Jazz composed himself, took one last look at his father, stood and turned on his heel.

The funeral director was waiting in the back of the viewing room. Down to his manner of dress, the guy reminded Jazz of comedian Richard Belzer.

Guy probably does funeral jokes at Chuckles on Tuesday nights.

The man bowed slightly as he whispered respectfully.

“If you will wait a mere moment outside, sir…”

Though the arrangements were made ahead of time, Eleanor was adamant that Jazz remind the director.

“Just the ring,” he said.

“Excuse me, sir?”

“The family wants the class ring. The medals, the watch, everything else stays. We just want the class ring.”

“Yes, sir.”

The lobby outside the viewing room was empty now; everyone had gone. Jazz looked at his leather case next to the couch where the grieved often sat to reflect.

“What is in the case?” Eleanor had asked him.

“Just some things, Mom.”

There was still a chance to slip it into the Admiral’s box. The funeral director was being paid handsomely. He would practically get in the box himself if Jazz asked him to.

But Jazz knew that by bringing the knife he was really just grasping for a way to say his goodbye in a special way. He realized after long reflection and a bottle of port in the Admiral’s study the night before that the man would not want to be buried with it.

So there would be no last gesture and no last public words from this son on the occasion of his father’s death. The Admiral arranged for a eulogy from two of his classmates long before his son was commissioned.

James J. Jascinski merely helped his mother grieve and paid his last respects.

The stand-down period gave T-Ball time to work uninterrupted on the detachment’s Mark-16 dive rigs. Each day he came in, completed a rigorous workout, showered and began the required annual maintenance checks.

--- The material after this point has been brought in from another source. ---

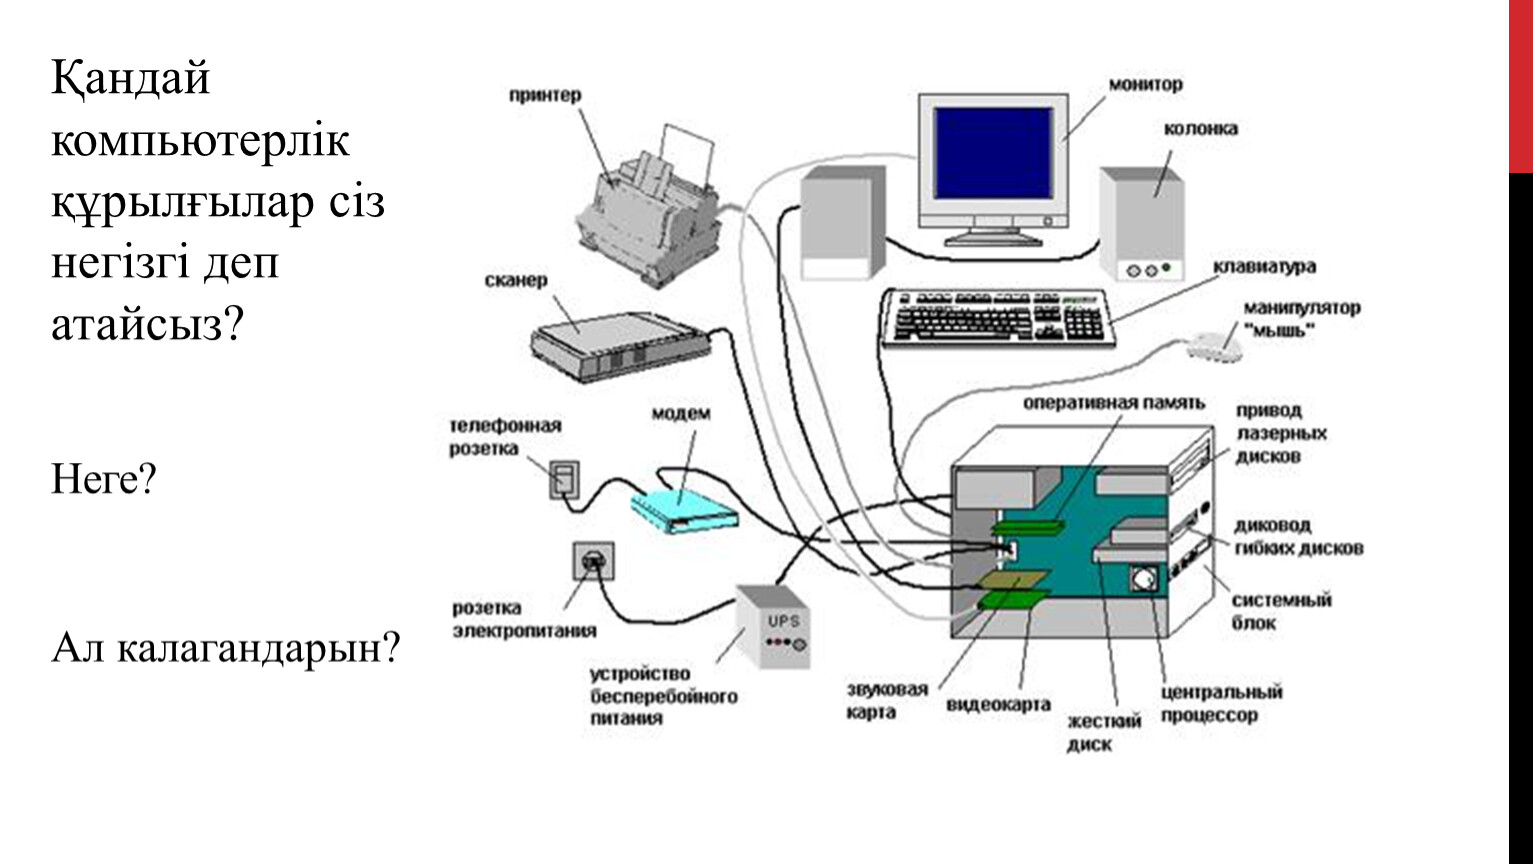 Схема соединения устройств компьютера
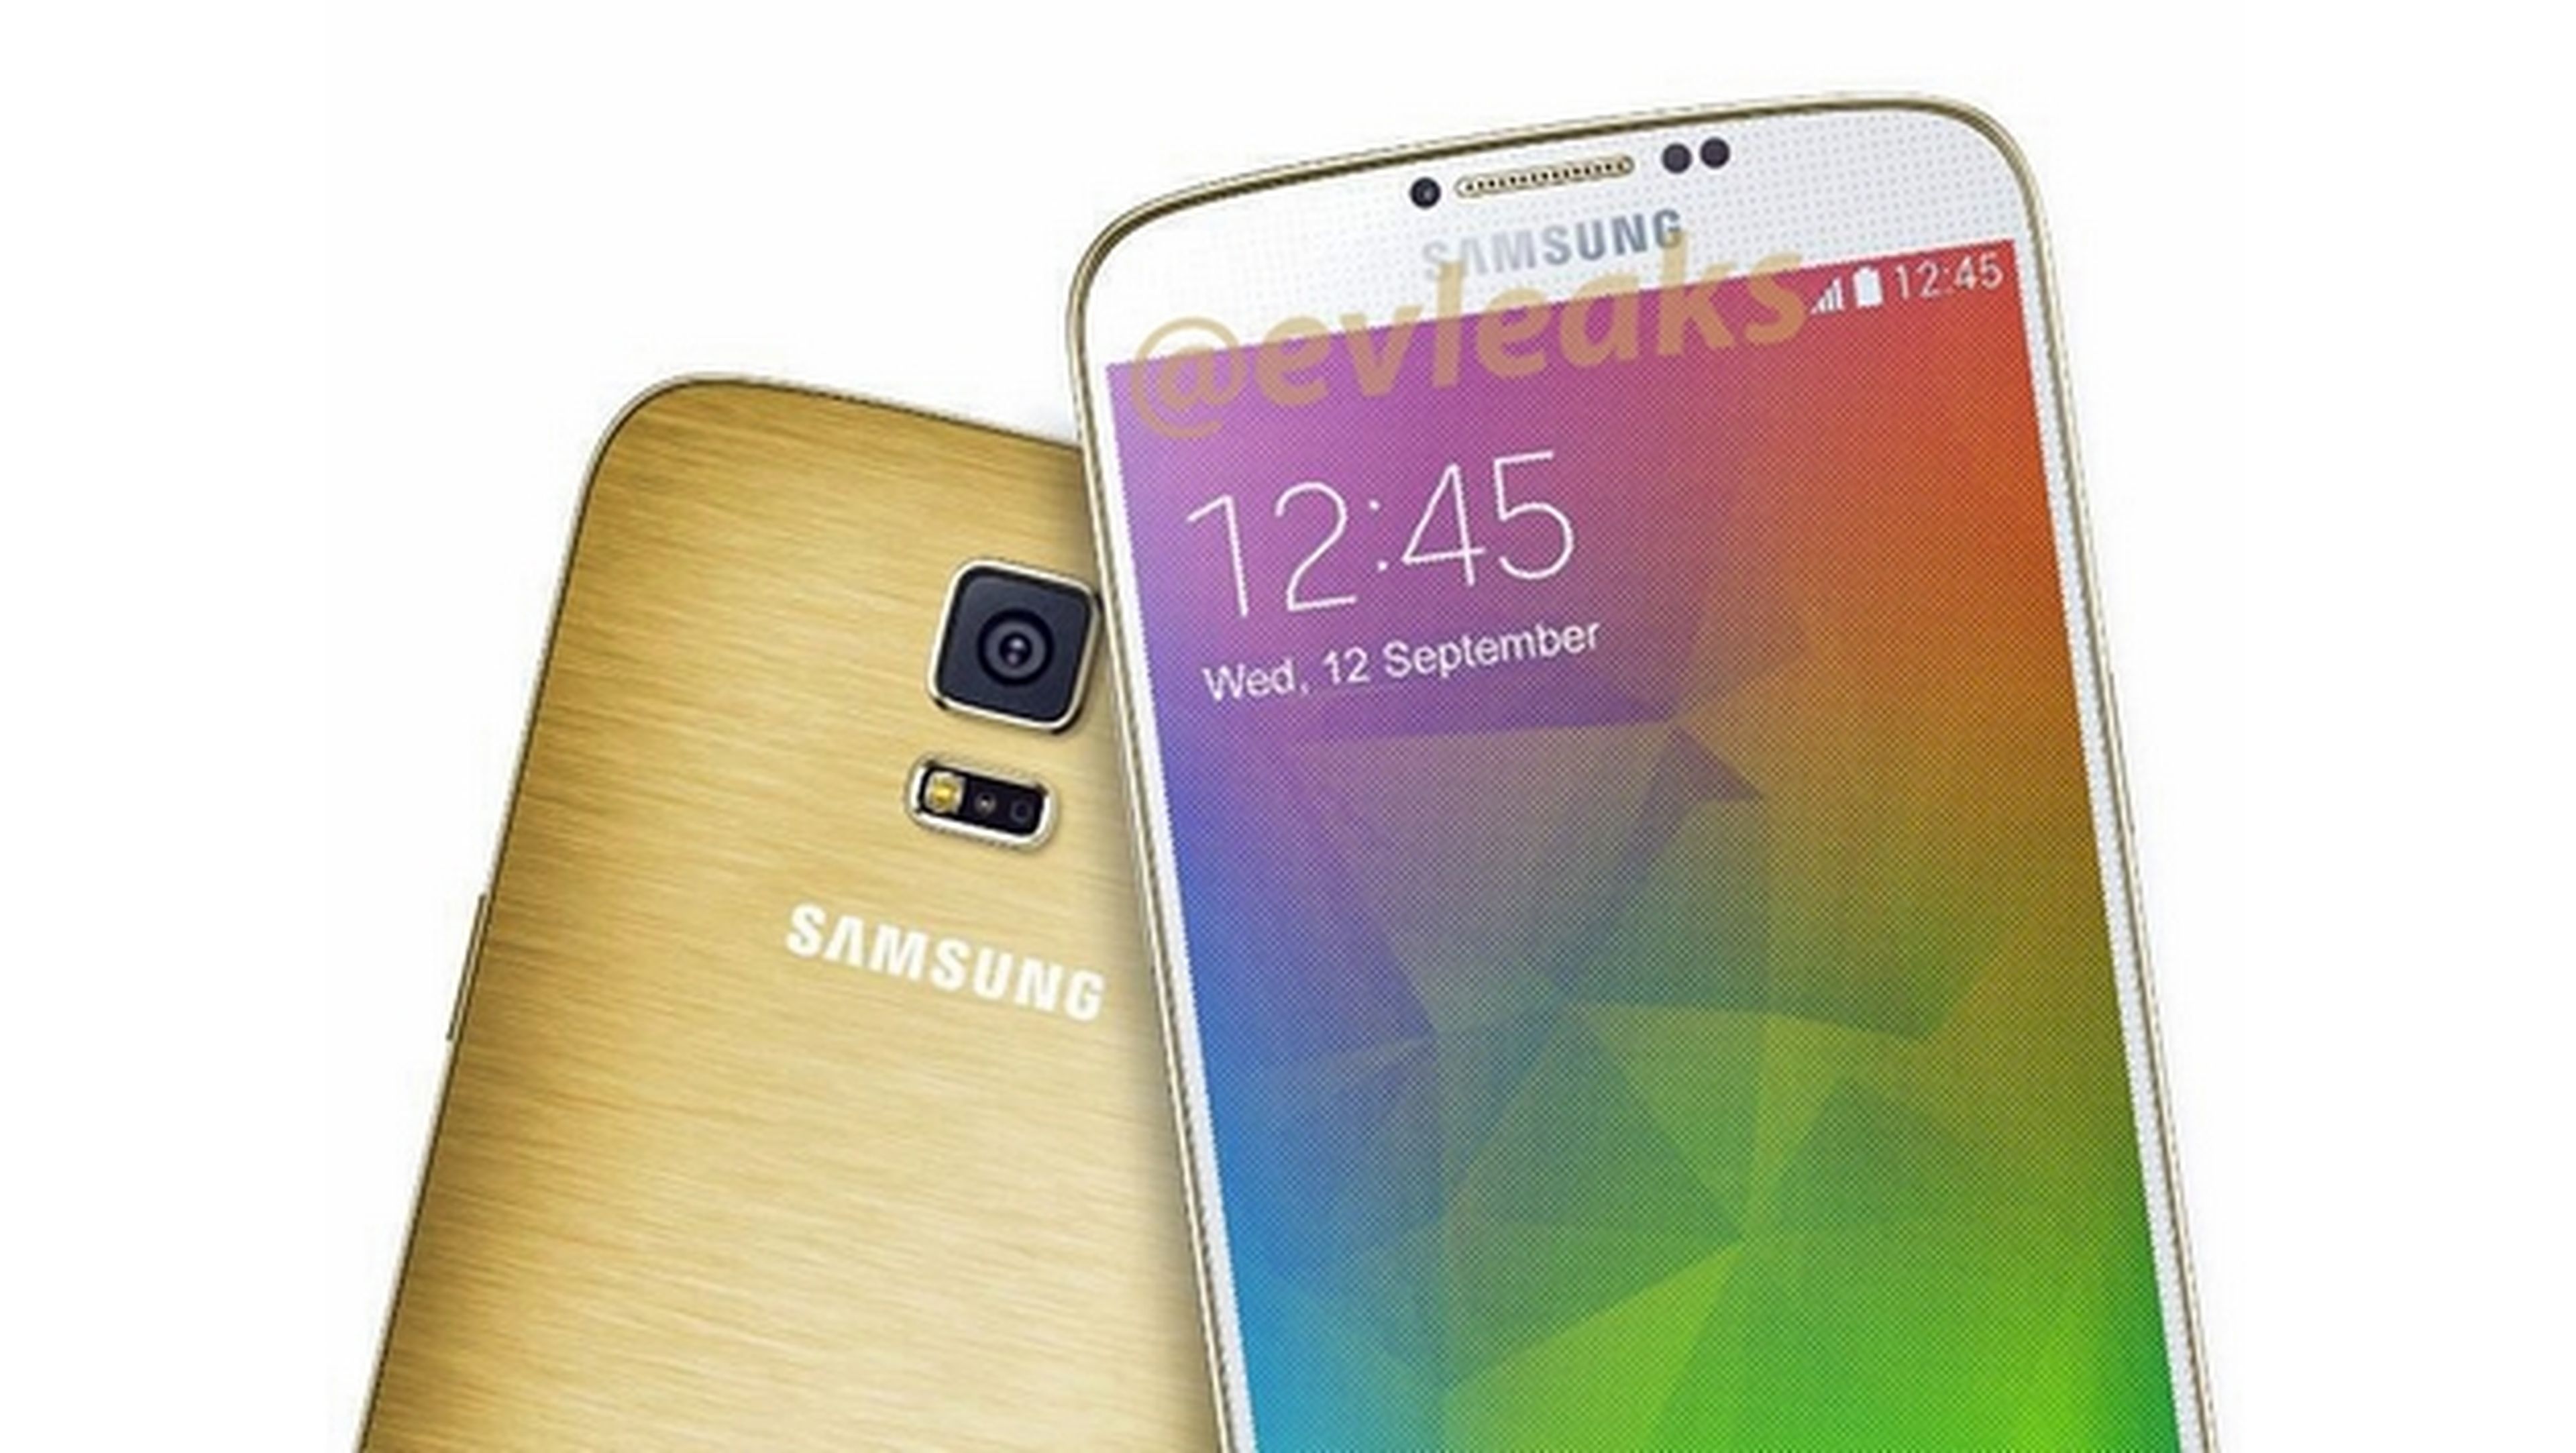 Filtrado render del Samsung Galaxy F con carcasa dorada.

There were no other Techs in the building. Detachment Two was at Ft. Story attending their READIMPT before a deployment to Bahrain. Ash was at medical. Denke and Keating were at a planning conference for an MCM exercise across the bay in Corpus Christi.

There was only time to complete one rig per day by lunch. The annual checks required that he work in the O2 clean room following strict re-entry control procedures. This was because T-Ball would be opening the lines that provided passage for the oxygen to the diver’s breathing loop. O-rings lay on the work table next to tools that would be used to inspect and test the Schrader valve.

Somewhere in the shop, a phone began ringing. He ran to the front and picked up the phone on the OIC’s desk.

“EOD Mobile Unit Six Det Four, Petty Officer Ball speaking, may I help you?”

“Uh, is this EOD?”

“Yes, sir. Can I help you?”

“Yeah, this is base security dispatch. We have a report of a suspect package in the courtyard between buildings one and two.”